Simplicity is a real thing that we regularly ignore. I talk with clients all the time who have trouble simplifying. I am not talking about major changes like leaving a career and moving to foreign country and giving up all the comforts of home. I am talking about not trying so hard to do so much that we do almost nothing. Some examples from therapy world. (I wonder if I should copyright that and create a role playing game that takes place in “Therapy World” or maybe Disney will buy the idea for a new theme park…) Losing weight, instead of a setting yourself a goal of 75,000 steps per day and only 100 calories, which you cannot possible achieve and therefore beat yourself up over the failure; set a goal of ONE less piece of bread or cake or candy and/or park three spots further away from where you would usually park. Then CELEBRATE the simple win, because you DID IT! Will you suddenly be at your perfect weight and level of physical health? NO! Will you be closer or at least not further away? YES! Celebrate that simple win. Then celebrate it again and again until it becomes a norm and you raise the stakes.

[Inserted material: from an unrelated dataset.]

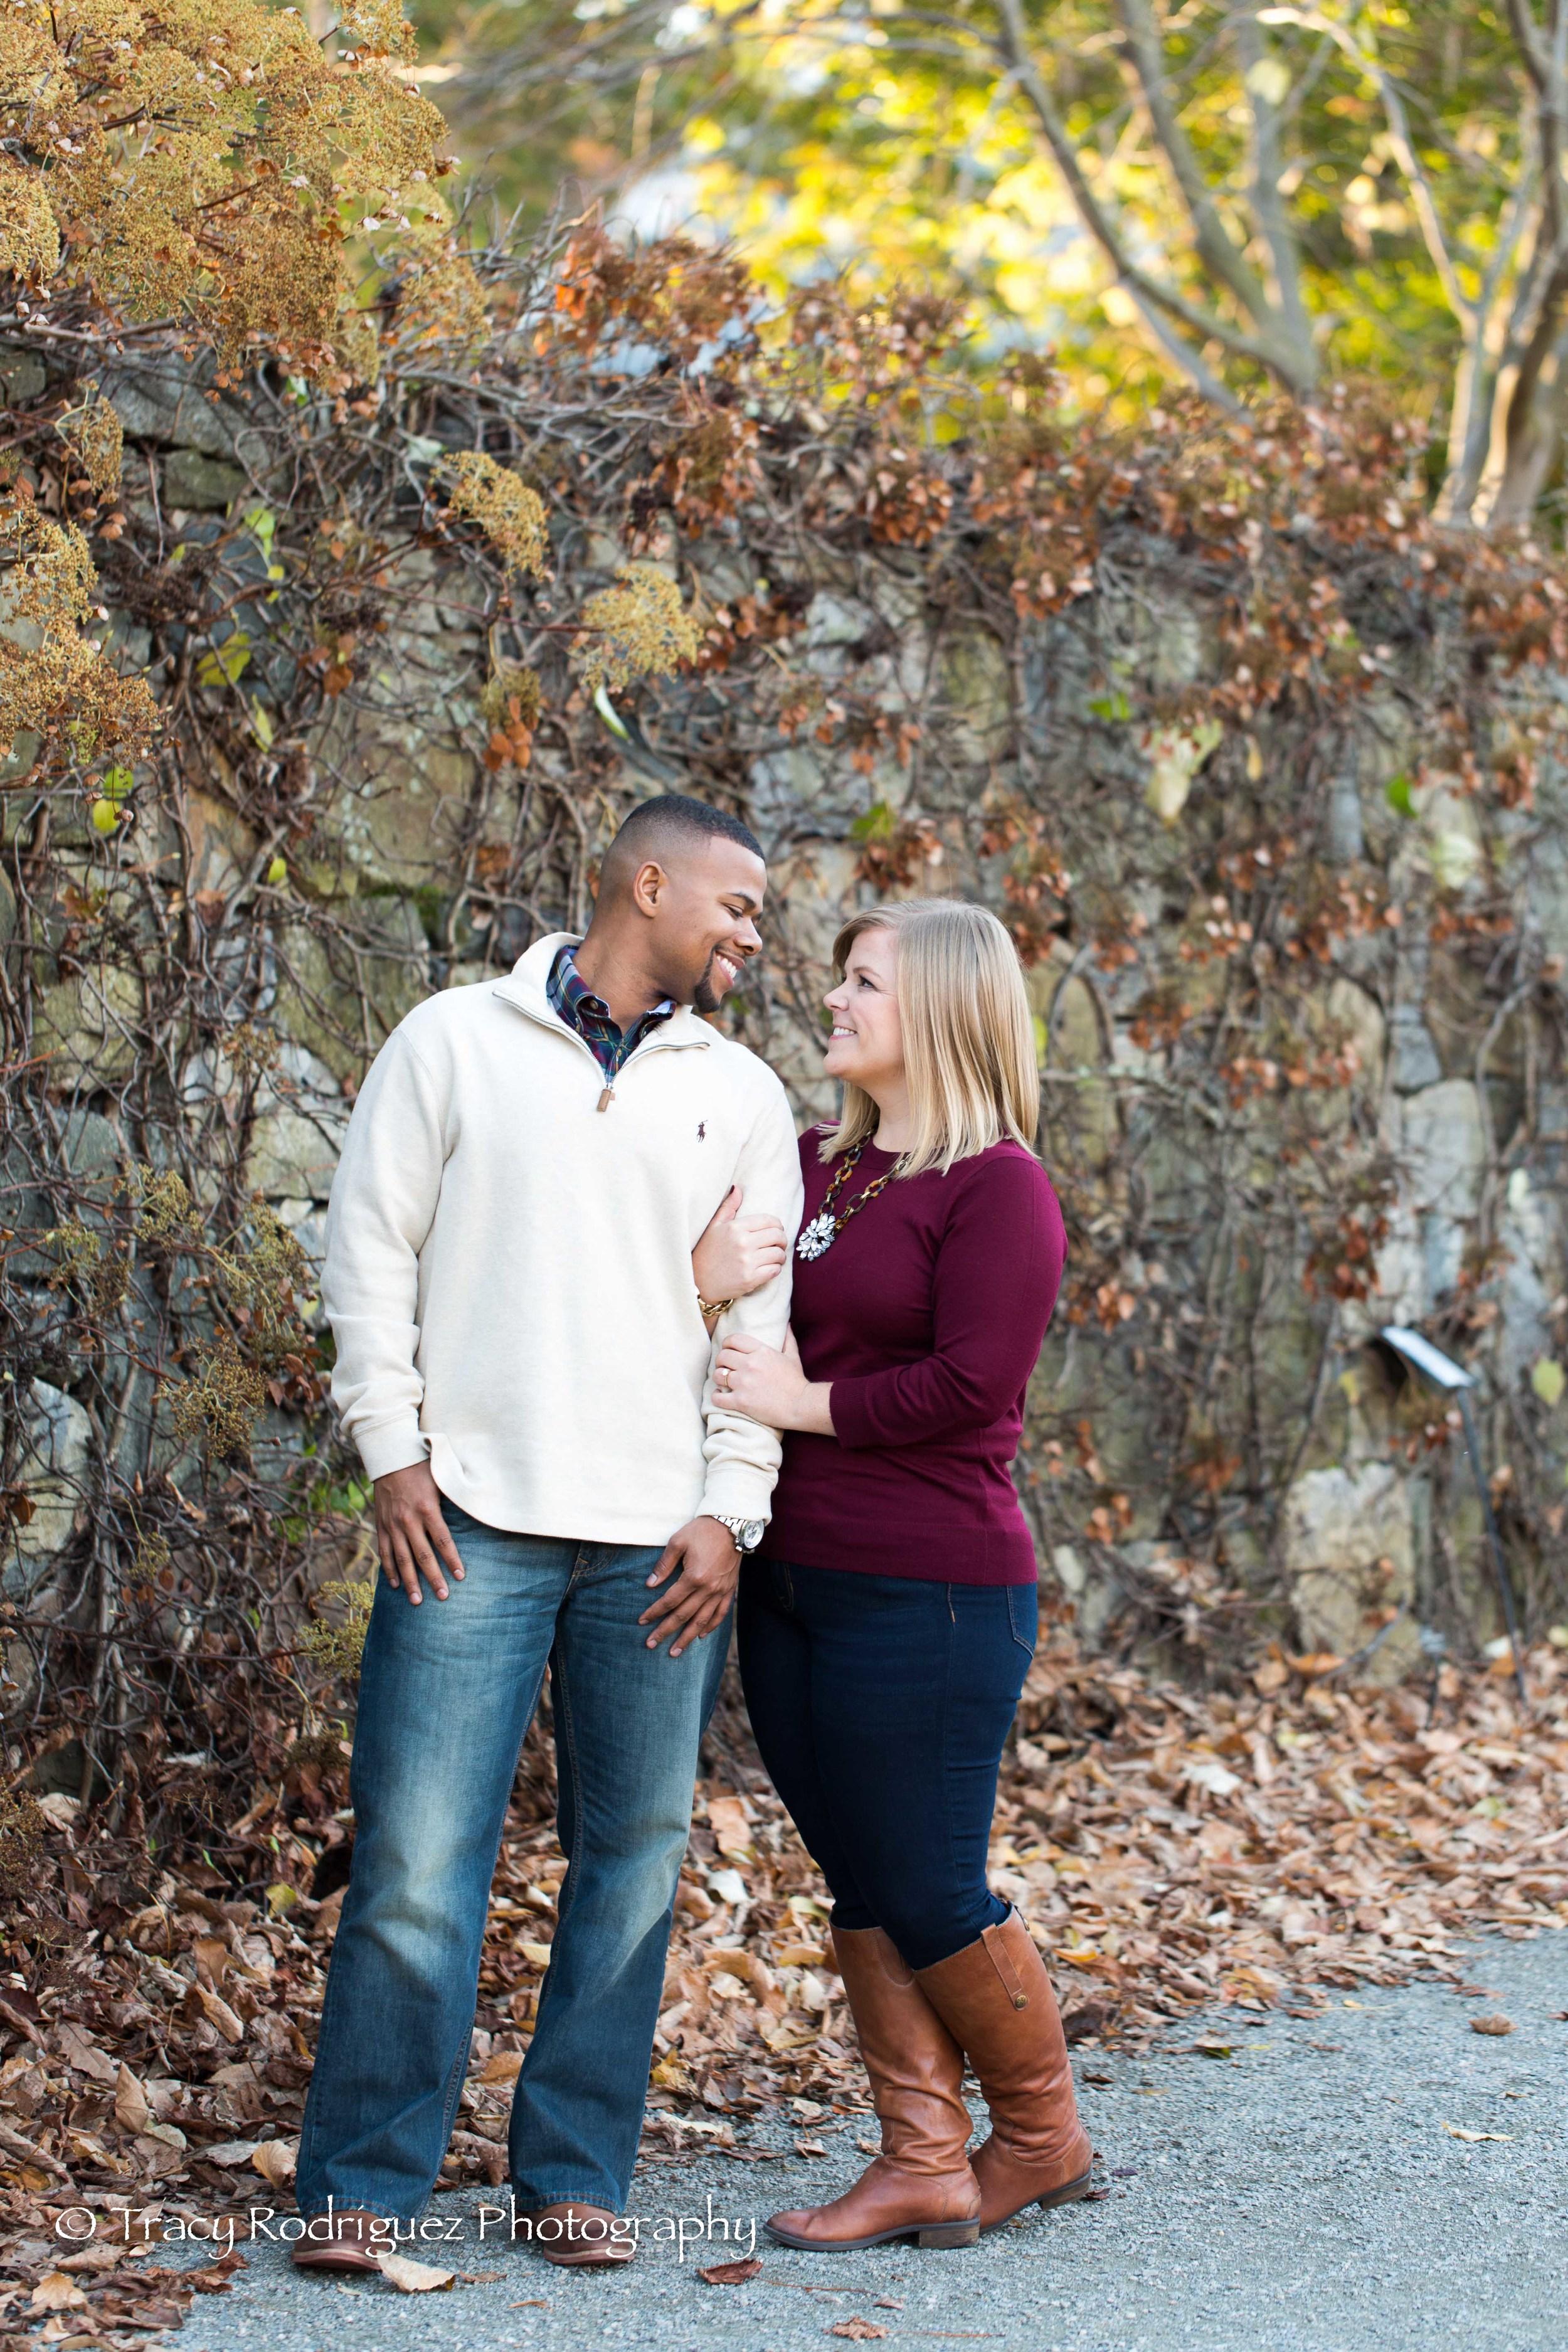 THR-Engagement-AshleyLeBron-9.jpg

Weight not your issue? Ok it works the same with most everything else. Maybe you have trouble with obsessive thoughts followed by compulsive actions. Simplify your life around the area you want to change. Find it nearly impossible to leave your home without repeatedly checking to see if the iron is unplugged? Ok, how many times do you need to check it? Four? Ok, instead of trying to never check it, check it three times and celebrate the win.

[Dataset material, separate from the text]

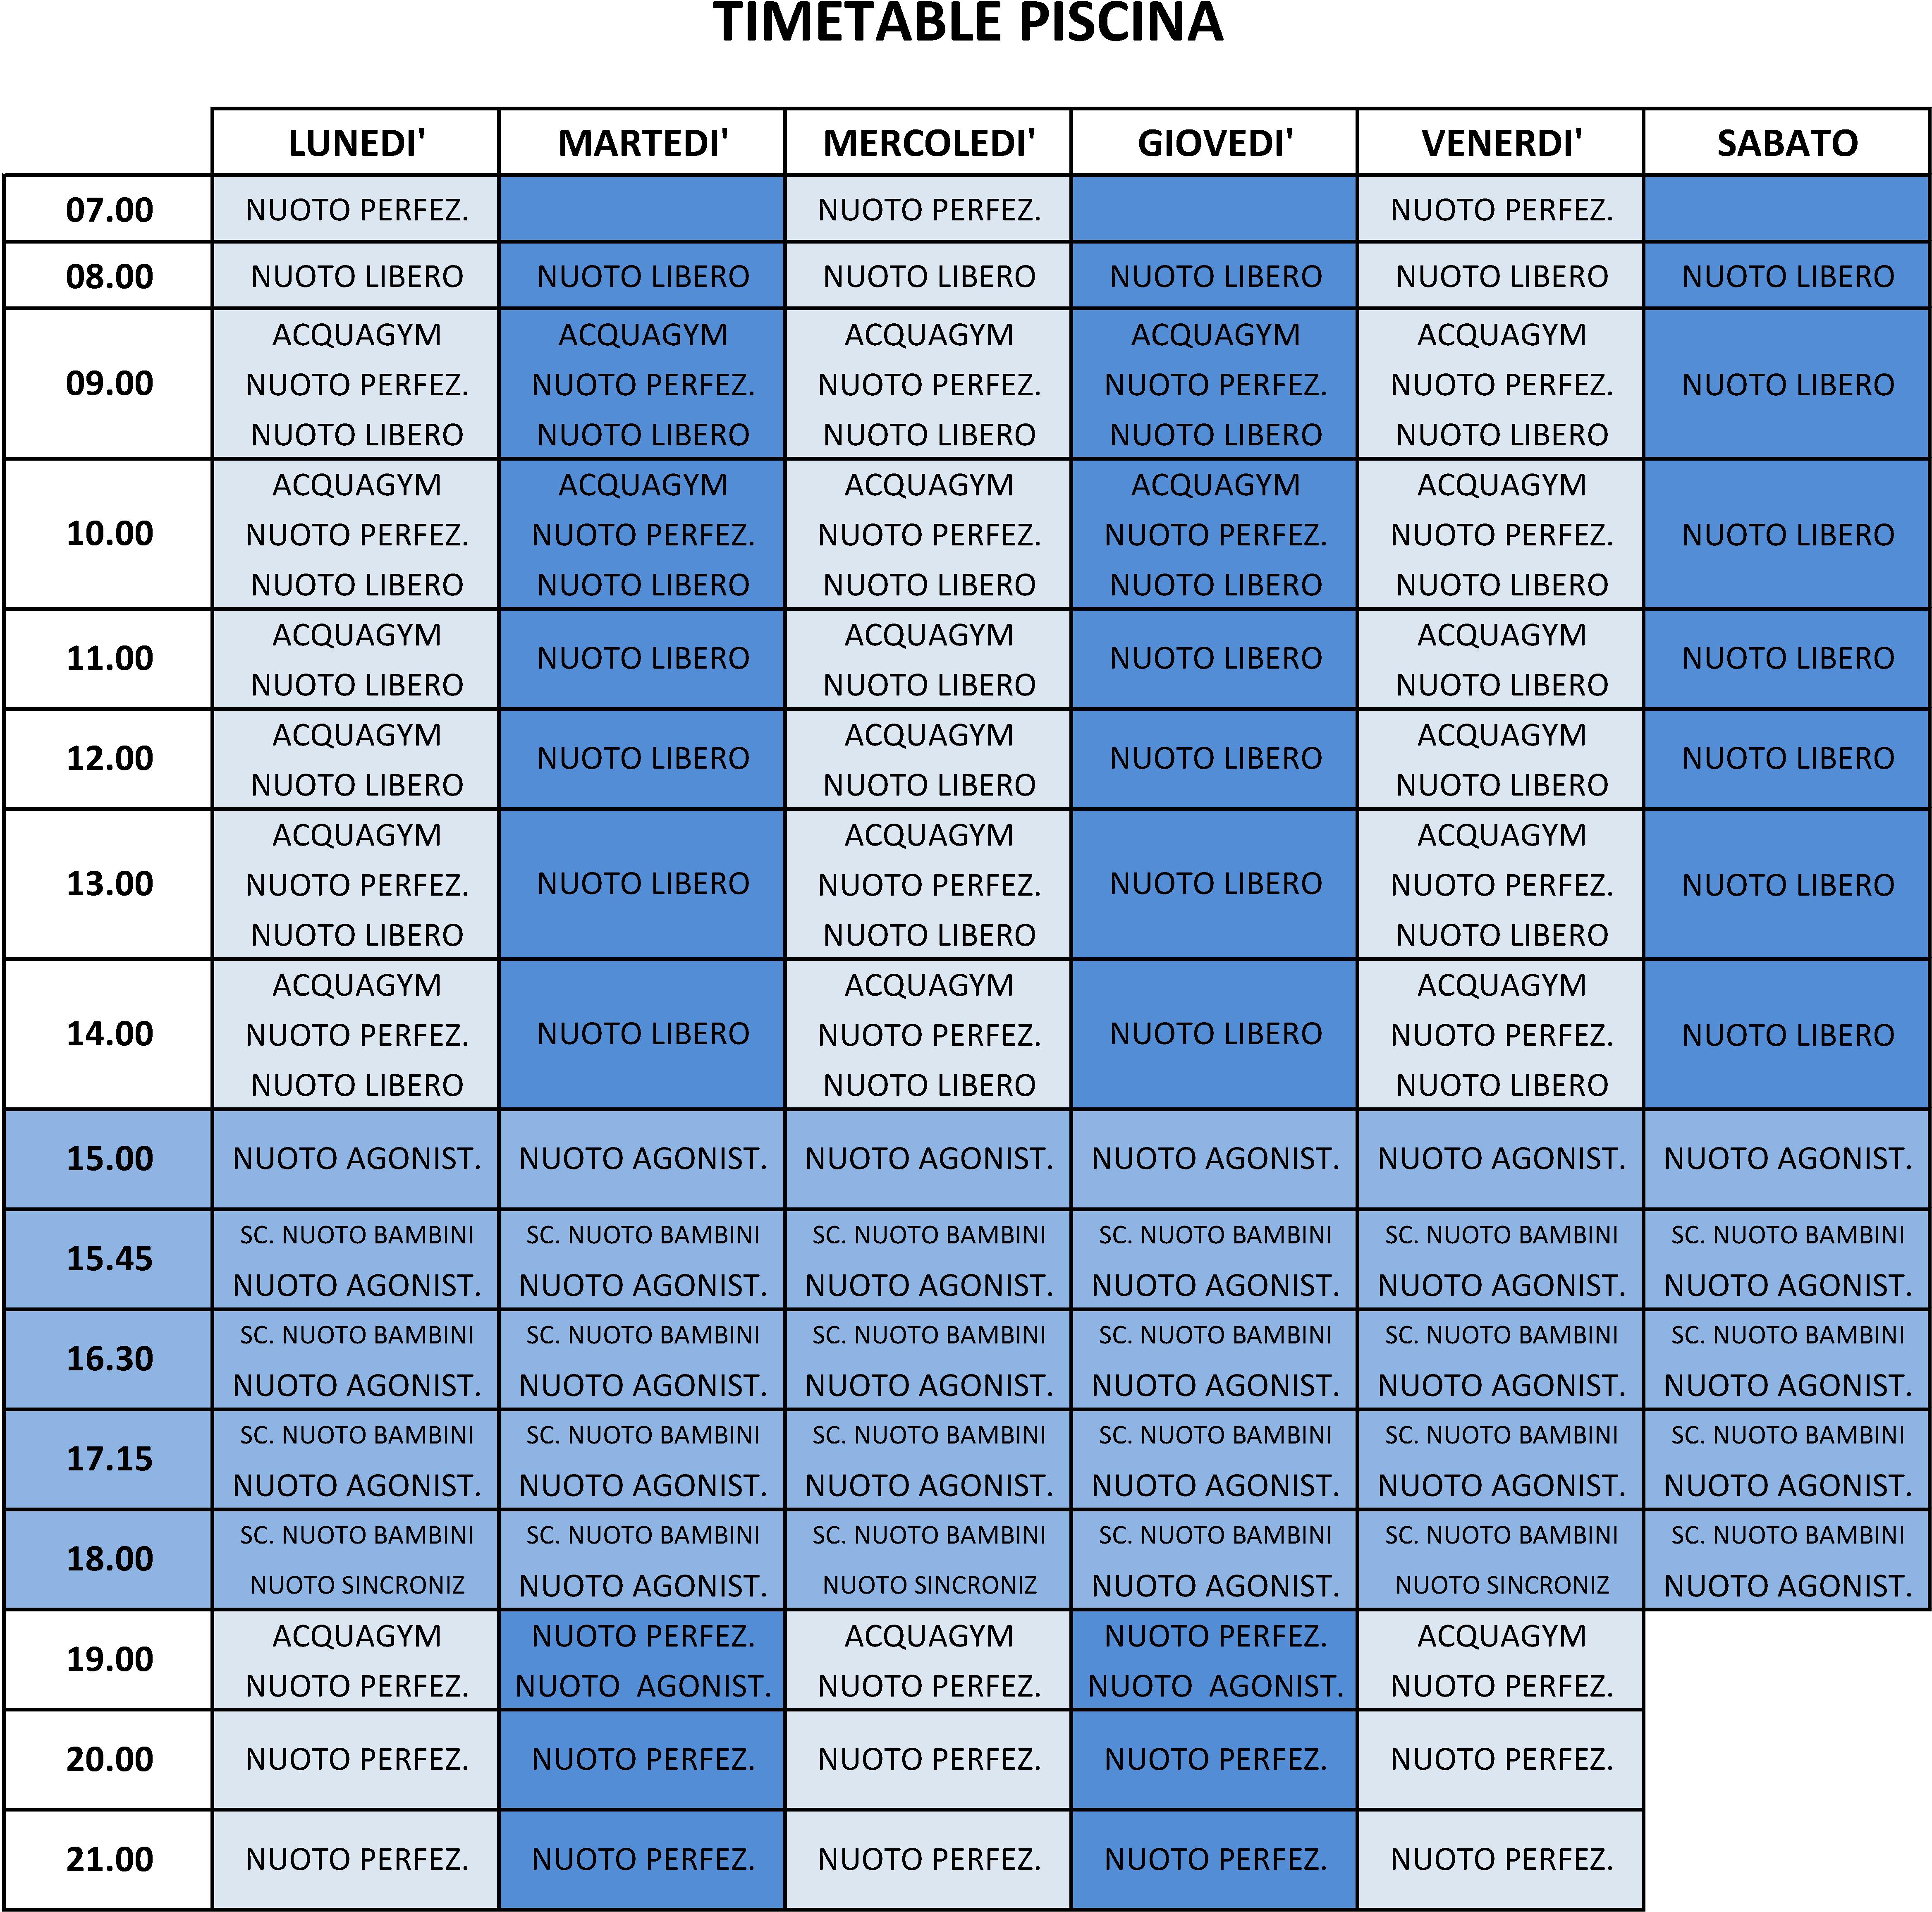 Timetable Piscina 2015

We all have things we want to change. It is completely normal to expect changes to happen quickly and completely. However, it is not realistic. It generally takes us many many times to create the bad habit. It will take us many, many, many times to break it. So make a SIMPLE plan. Then celebrate the simple success. You mean your simple plan did not solve the issue…did not make the change you wanted? To quote one of my favorite songs from “Caberet,” “So What?” (Only an obscure example because your son did not just STAR as the EmCee in his college production of same, which you watched four times and were amazed and unbelievably proud EVERY time.) More to the point, of course it did not make the change you wanted. If it were that easy everyone would be conformed to the societal ideal. Do the simple change. Celebrate the win. Rinse and repeat! If you forget to repeat, start over…”no big!” (From my favorite Disney cartoon that the afore mentioned son and his siblings used to watch, “Kim Possible.”)

To sum up: Keep it Simple Silly(or what ever word gets your attention)! Do not make your plan to change overly complicated. Become your better you a little bit at a time! When it does not go to plan—because it will not always go to plan—SIMPLY be gentle and forgiving to yourself. Then start again…simply! You’ve got this!